I was getting ready to install a new crankset in a 2010 Madone frame, and Trek's instructions say to use their "installation tool" to get the two-piece plastic axle shield installed correctly. It says when installed correctly, the two halves go together with an audible click. This installation seems too easy without a tool--is this thing really needed? Thought I'd ask someone who's been down this road before


----------



## johntrek5 (Nov 8, 2010)

I have slipped them together without any special tool. They just slide into each other, and no big deal. Just make sure you torque correctly.


----------



## lstocks (Apr 9, 2002)

You mean torquing together the two halves of the crank axle? The Campy set-up I have states 42 Nm --it sounds like from what I see on the boards the cranks on Trek's have a tendency to work themselves loose?

Thanks!


----------



## johntrek5 (Nov 8, 2010)

I have only put one together with Ultegra with the internal bearings. Basically once you put the plastic sleeve together inside the bottom bracket, insert the bearings andseals, install crank side, then put the crank arm on. Torque from that side. Then torque the crank arm bolts. On the Ultegra it has two hex bolts. I do each one a little at a time. I have heard they can work themselves slightly loose over time. Might not be a bad idea to re torque after a few hundred miles.


----------



## zac (Aug 5, 2005)

lstocks said:


> I was getting ready to install a new crankset in a 2010 Madone frame, and Trek's instructions say to use their "installation tool" to get the two-piece plastic axle shield installed correctly. It says when installed correctly, the two halves go together with an audible click. This installation seems too easy without a tool--is this thing really needed? Thought I'd ask someone who's been down this road before


No, it is not needed. But the important thing here is to make sure the outer flanges of the shields are seated in the BB shell/socket recess for them, and yes they will make an audible click when they are seated correctly, as the fit is that precise. You should also do a visual inspection to make sure they are properly seated. Additionally, prior to installation, make sure both the flanges and the sockets are perfectly clean, as even a spec of sand will prevent proper seating. 

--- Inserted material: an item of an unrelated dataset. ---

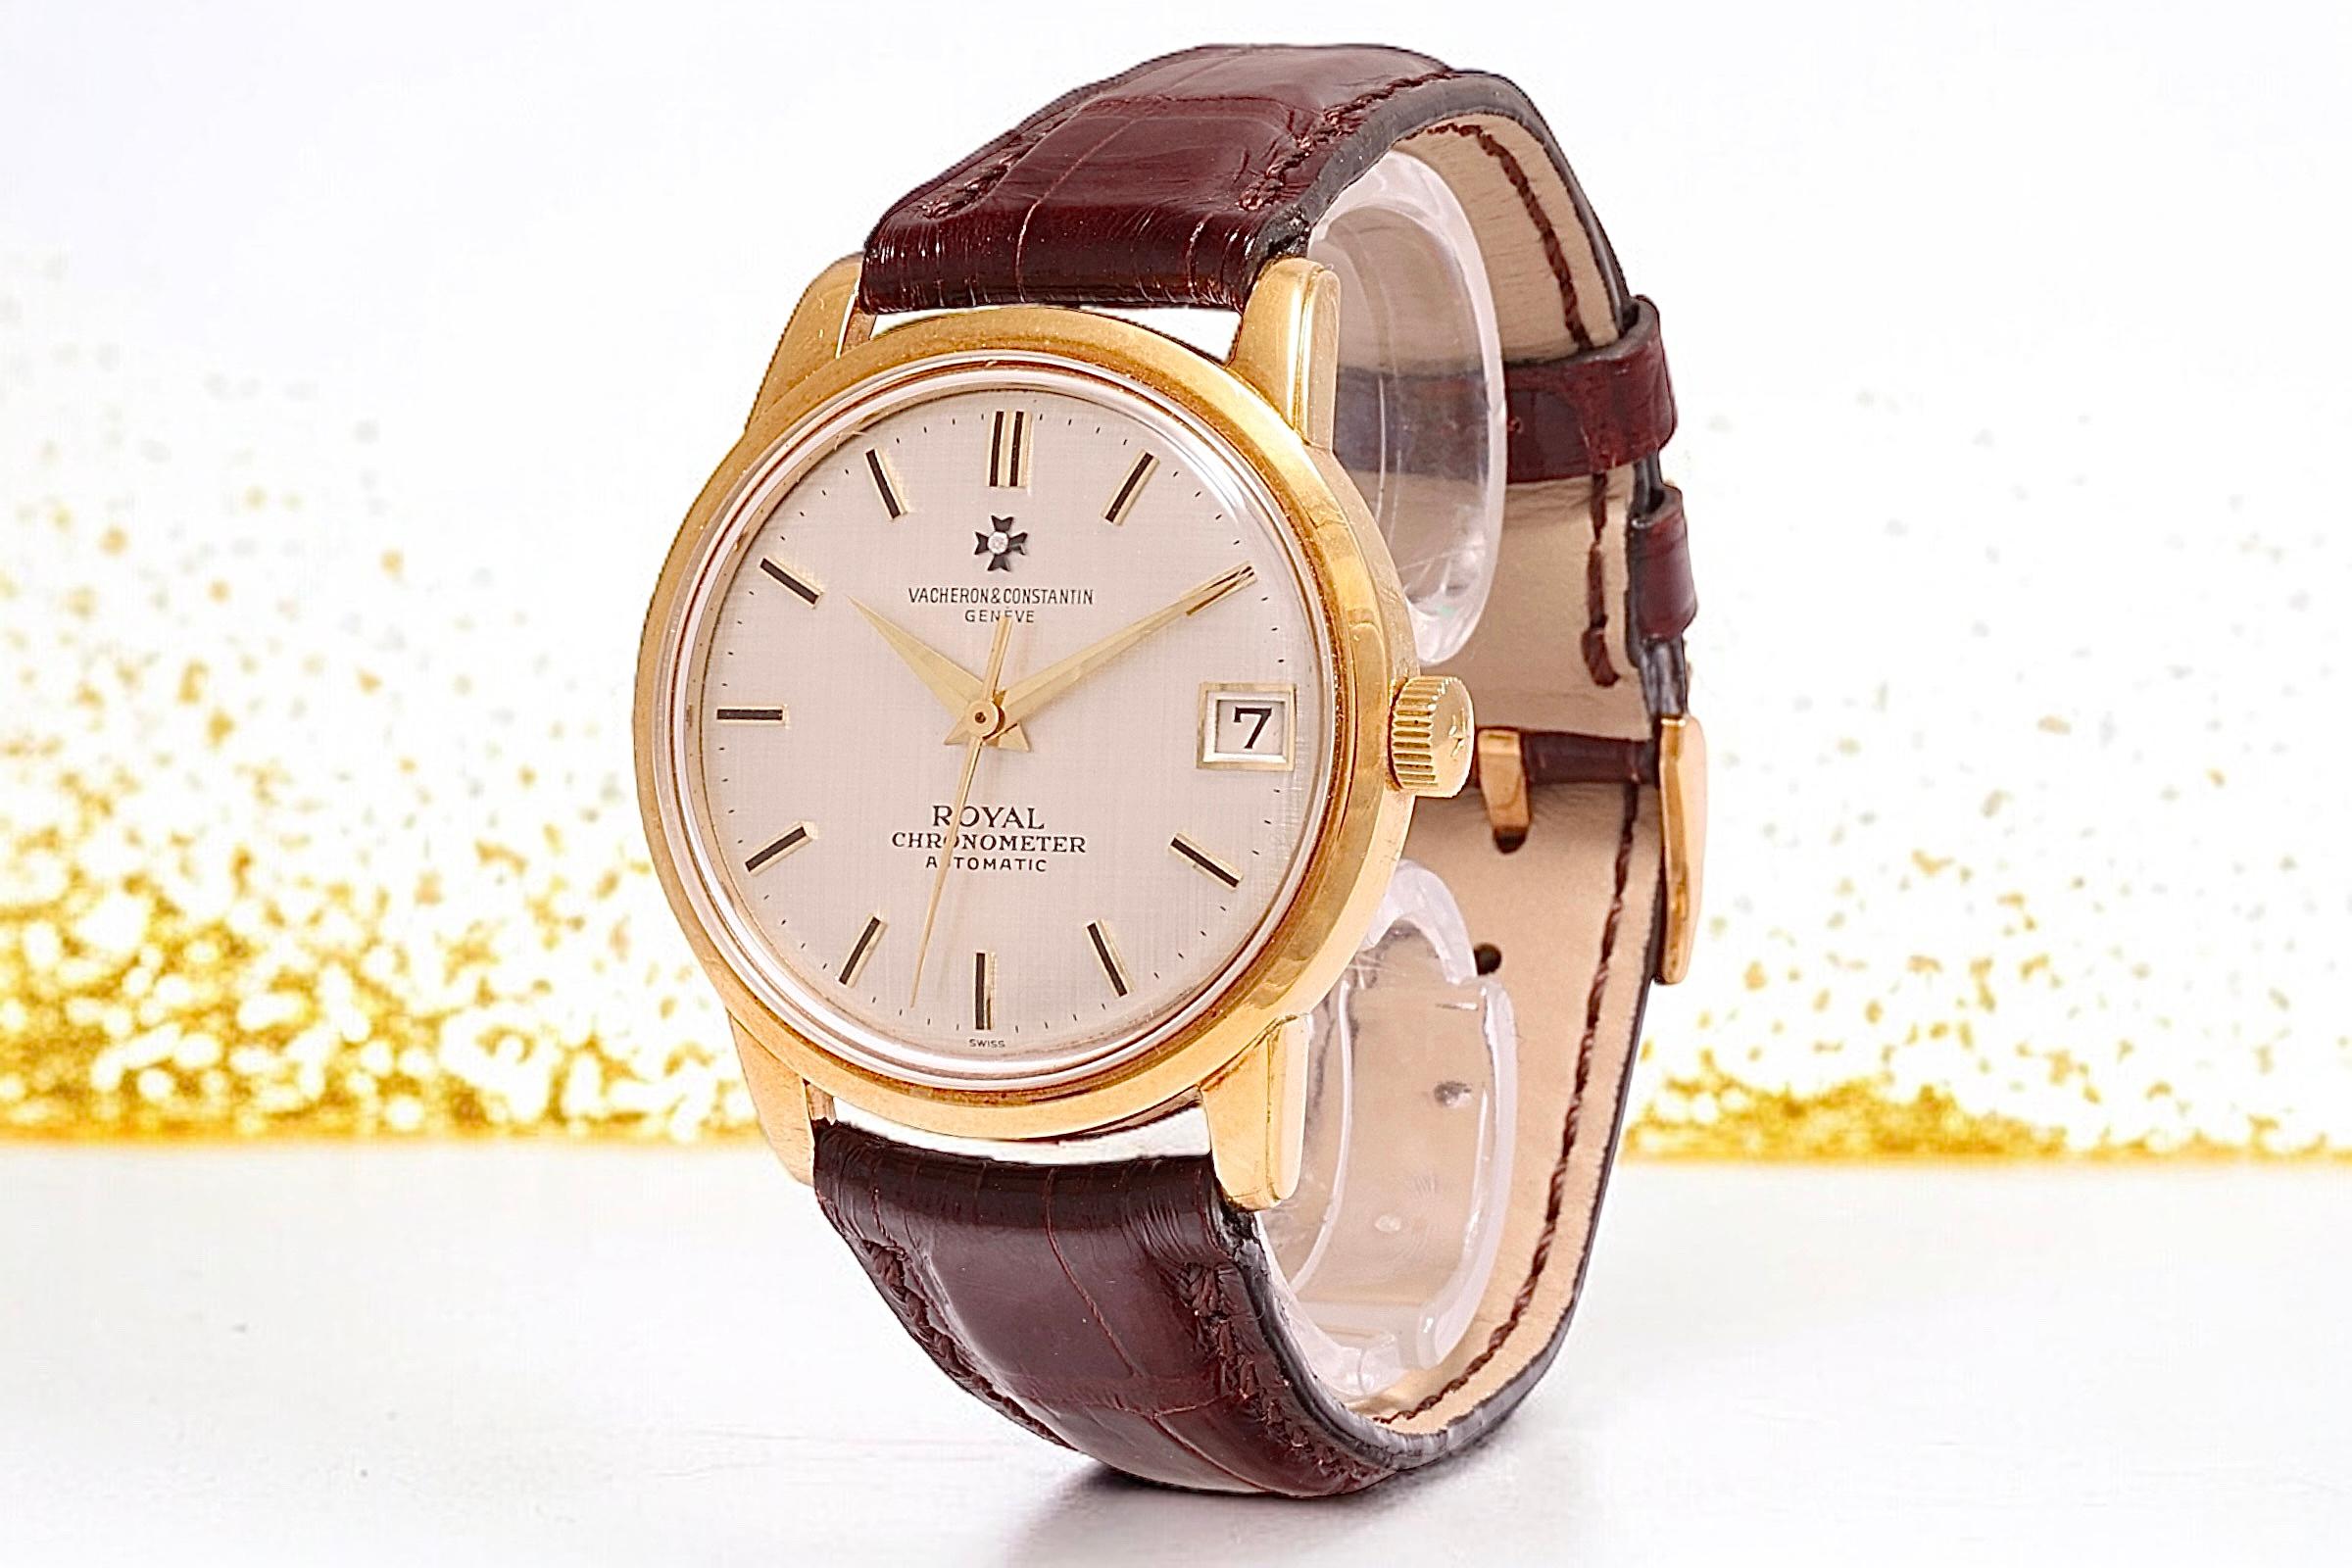 Vacheron Constantin Chronometre Royal Wrist Watch For Sale 4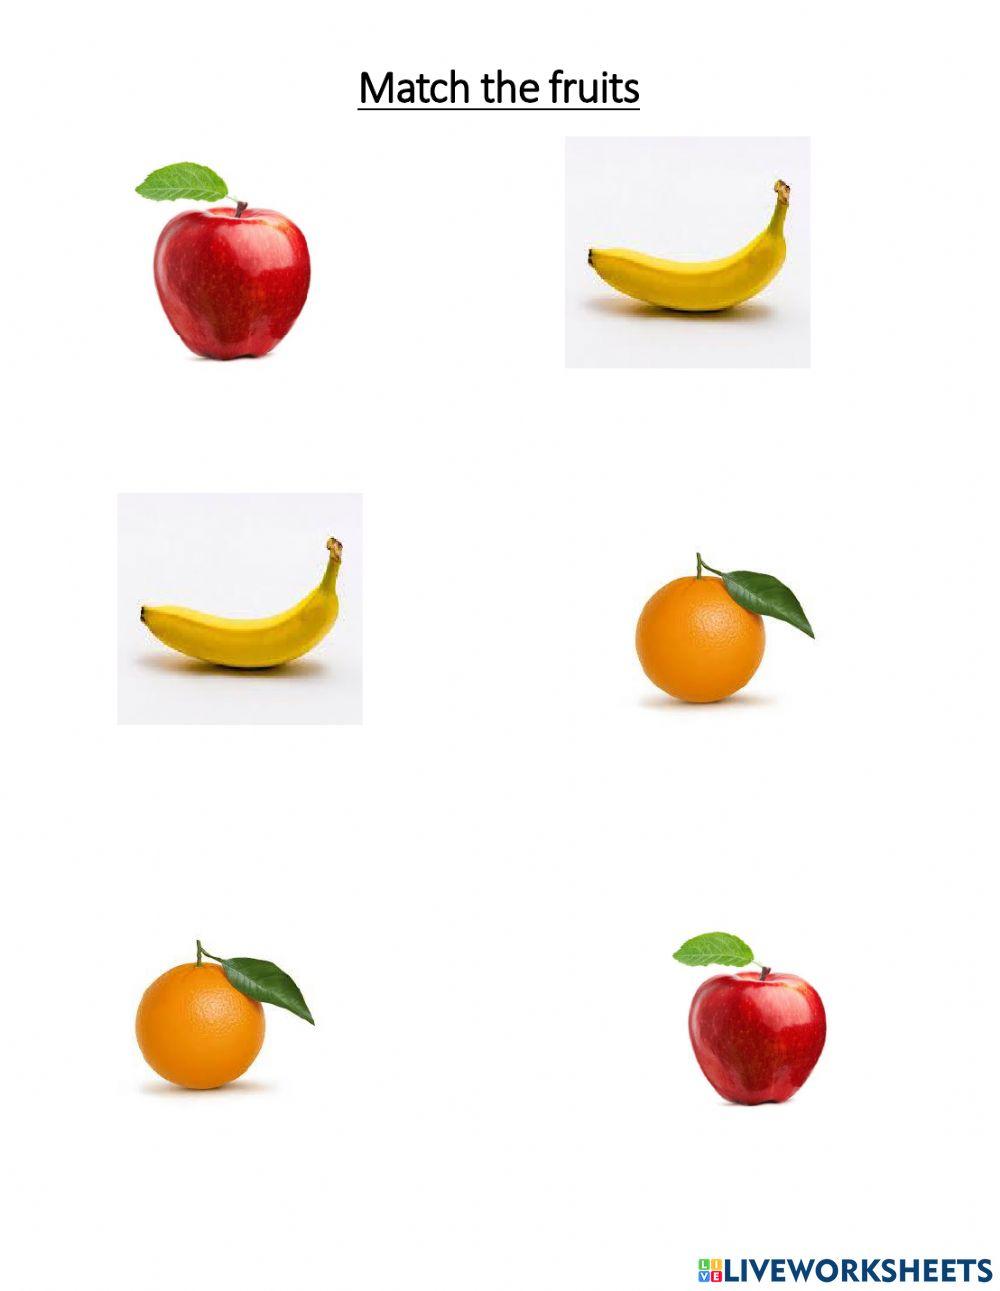 Matching fruits

This very issue, I suspect, may have been a contributor to the "loose" bearing issue that has been reported by so many. If the flanges are not properly seated, they will prevent the bearings from seating properly. Over time this will cause problems as the bearing would be free to precess* in the socket. (*Not sure that is the correct term, but it works).

You can make your own tool if you are so inclined. It is nothing more than a threaded rod with appropriate sized spacers and washers that when inserted through the BB shell and tightened, "pull" first the shields into place, then later the bearings. (Very similar to a headset race setter, but on a smaller scale).

hth
zac


----------



## lstocks (Apr 9, 2002)

Thanks very much for your information..very helpful!


----------